The Sound of Falling (2026; d. Mascha Schilinski)
It took me a couple of days to shake off the effect of The Sound of Falling. I saw it at a screening room on 29th Street. I knew very little about the film going in. I made plans with someone after, because I hadn’t checked the run time. Yeah, those plans had to be canceled. The movie is long! I emerged from the screening room, all caught up in the world of the film and the spiritual/philosophical elements addressed … I felt haunted. I walked back to the hotel, kind of wrung out. It’s so good. I reviewed for Ebert.

Death Is a Caress (1949; d. Edith Carlmar)
The Criterion Channel is streaming a number of film noirs from Norway. This one is kind of like Postman Always Rings Twice: there’s a car mechanic, there’s a lady married to a man she doesn’t love. Sparks fly. Handsome mechanic has a nice appropriate girlfriend, and suddenly he’s lying to. her, he’s nowhere to be found, she’s getting hurt. 1949, man. 5 years after the end of the war.

Meshes of the Afternoon (1943; d. Maya Deren)
Maya Deren is one of the pioneers of American experimental film-making. Her name comes up all the time, as a wellspring and inspiration for the generation that came after. A fascinating woman, she lived in Hollywood, collaborated with her husband, they made these surreal movies at their house. She was only 44 years old when she died. Meshes of the Afternoon is haunting and mesmerizing, with a woman (Deren) falling asleep – perhaps? – at her house, and getting recurring strange images of a cloaked figure with a mirror face (scary) – time loops and loops, she pursues but can never catch. The camera angles are filled with meaning (Lynch, I am sure, knew her work well), and there’s violence in the air, in the juxtaposition of images.

In Cold Light (2026; d. Maxime Giroux)
I like Maika Monroe, I’ve reviewed a bunch of her films, so I’m happy to keep that up with her latest, In Cold Light. I reviewed or Ebert.

Possession (1983; d. Andrzej Żuławski)
I haven’t seen this in years. But it is burned into my brain forever. The subway-tunnel scene will never leave me and exists as an apex, of sorts, of a kind of raw acting you rarely see on film, or anywhere else. You can’t even believe what you’re watching. She is extraordinary. The film is a fever-dream of marriage. It flat out would not work if Sam Neill and Isabelle Adjani weren’t so completely authentically FERAL.
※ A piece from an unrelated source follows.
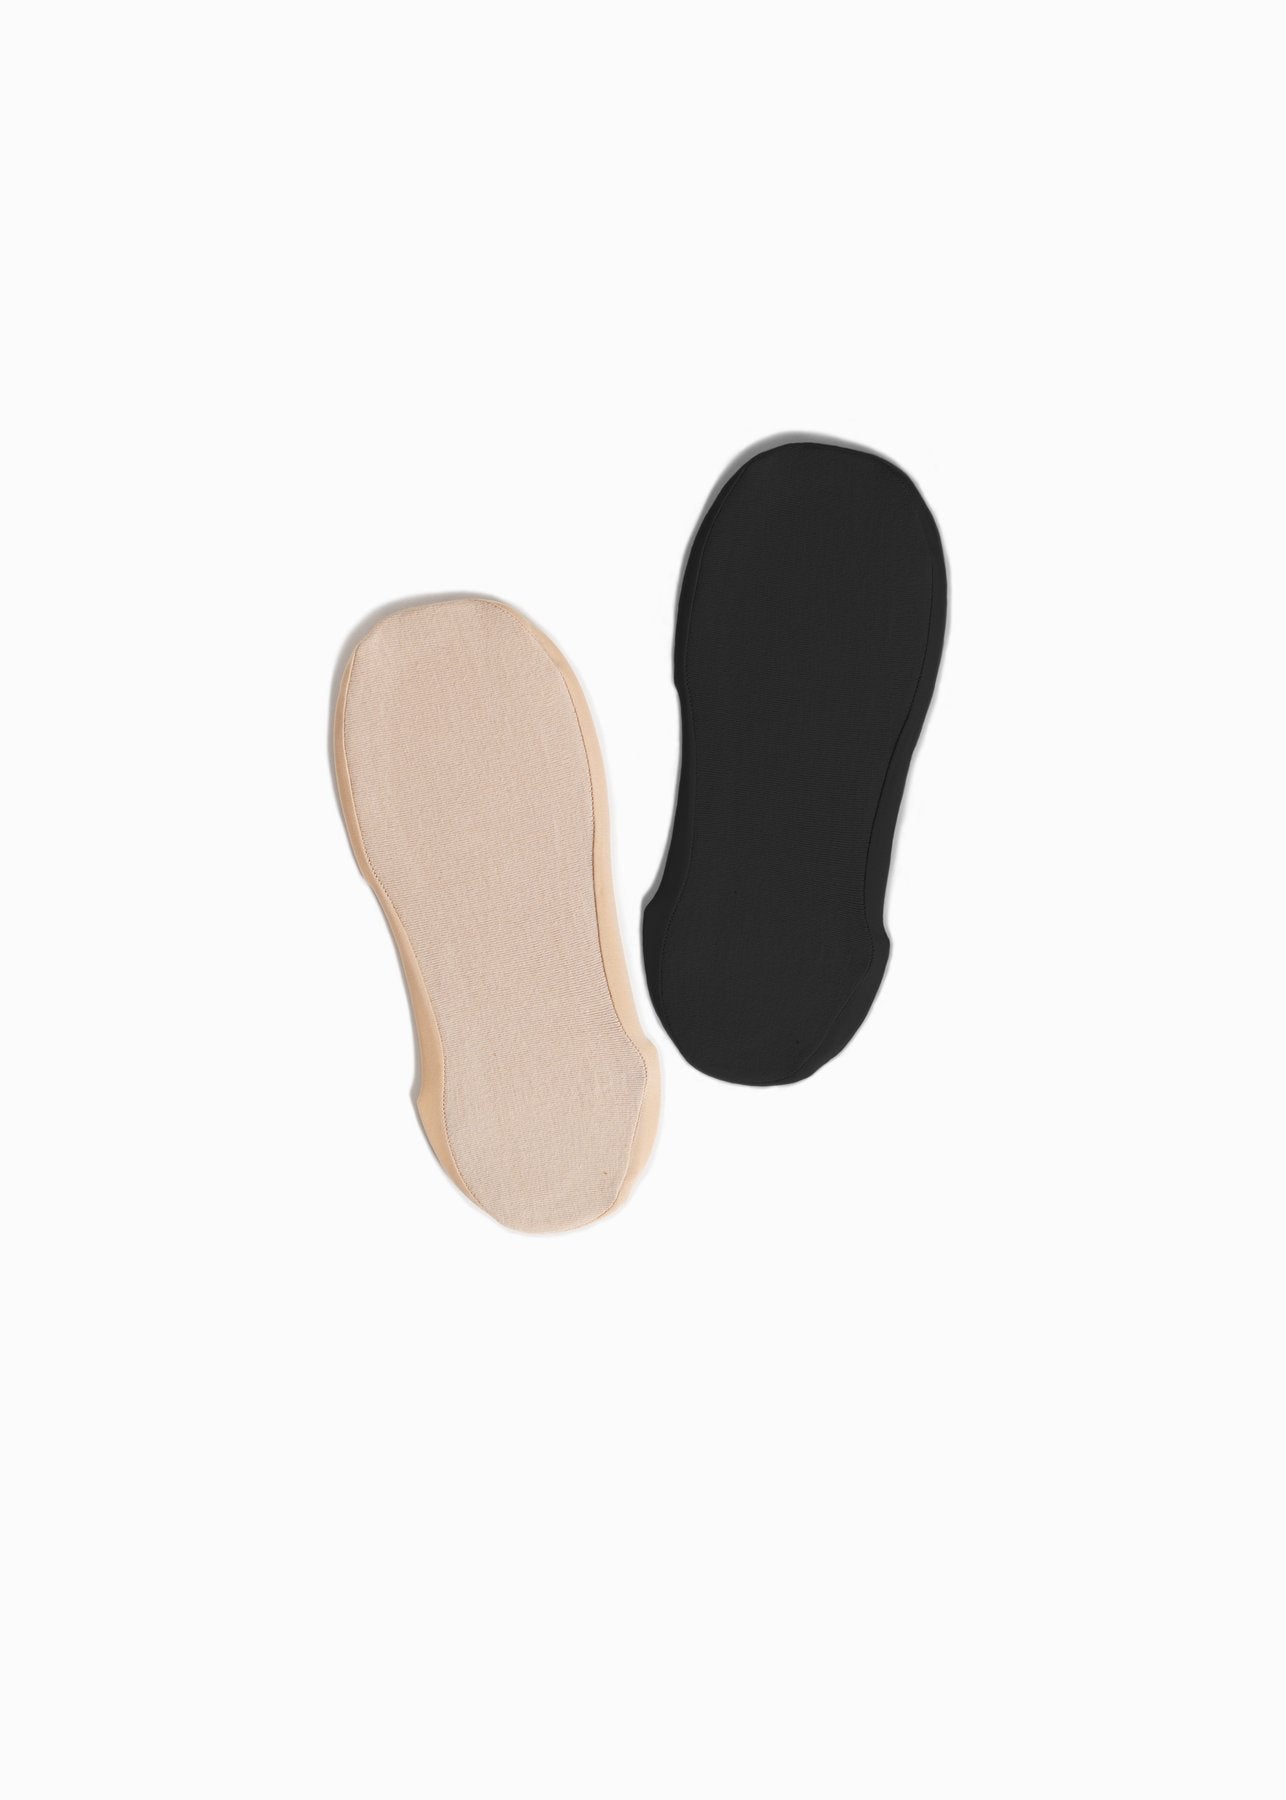 Basic Lightweight Foot Liner Socks - FINAL SALE Accessories Black

Predators (2025; d. David Osit)
What a strange disturbing watch. I have very mixed feelings about the whole thing. Worth a watch, especially if you ever watched To Catch a Predator.

Somewhere (2010; d. Sofia Coppola)
A windy empty masterpiece. Her best. Her most uncompromising. There’s nothing to grasp onto. It makes Lost in Translation look plot-heavy. But it’s the FEEL. It’s a film from another time, a freer time. It feels contemporaneous with Five Easy Pieces or Two-Lane Blacktop: a confrontation with emptiness. Not too many people can take it. American film, in general, REALLY can’t take it.




I caught Predators virtually through Sundance last year and it stuck with me through the rest of 2025. The second act where the filmmakers follow the amateur Hansens is one of the ickiest things I have ever watched. The whole thing is so heavy.
Daniel – thanks for reading and commenting! The amateur Hansen crowd is so disturbing. Like, what do these people get out of it? Besides clicks? The ones who are so gung-ho are often sketchy themselves – it reminds me of the horrific Snowtown murders – and the harrowing 2011 movie Snowtown – where these p*do hunters were actually all p*dos themselves – a kind of inverted ferocity coming not so much out of guilt but a smokescreen for their own sins. I don’t know. It happens. I’m not making accusations but those “independents” make me VERY uncomfortable – especially because I don’t feel like they care about the victims. That’s not why they’re doing it.
And that one “case” profiled at the end – where Hansen made the call to go after an 18 year old … I don’t know. It’s a grey area. Or maybe it isn’t. I think it’s wrong what they did.
Thanks for the intro to Death Is A Caress. Just found a good copy on YouTube.
I’m hearing nothing but good things about The Sound Of Falling.
Happy New Year.
Maddy
The Sound of Falling really stayed with me – it’s not an easy film but it just grips you, or at least it gripped me. Would love to hear your thoughts.
The Norway noir series on Criterion was so fun – all of the films were new to me and it was so cool to see.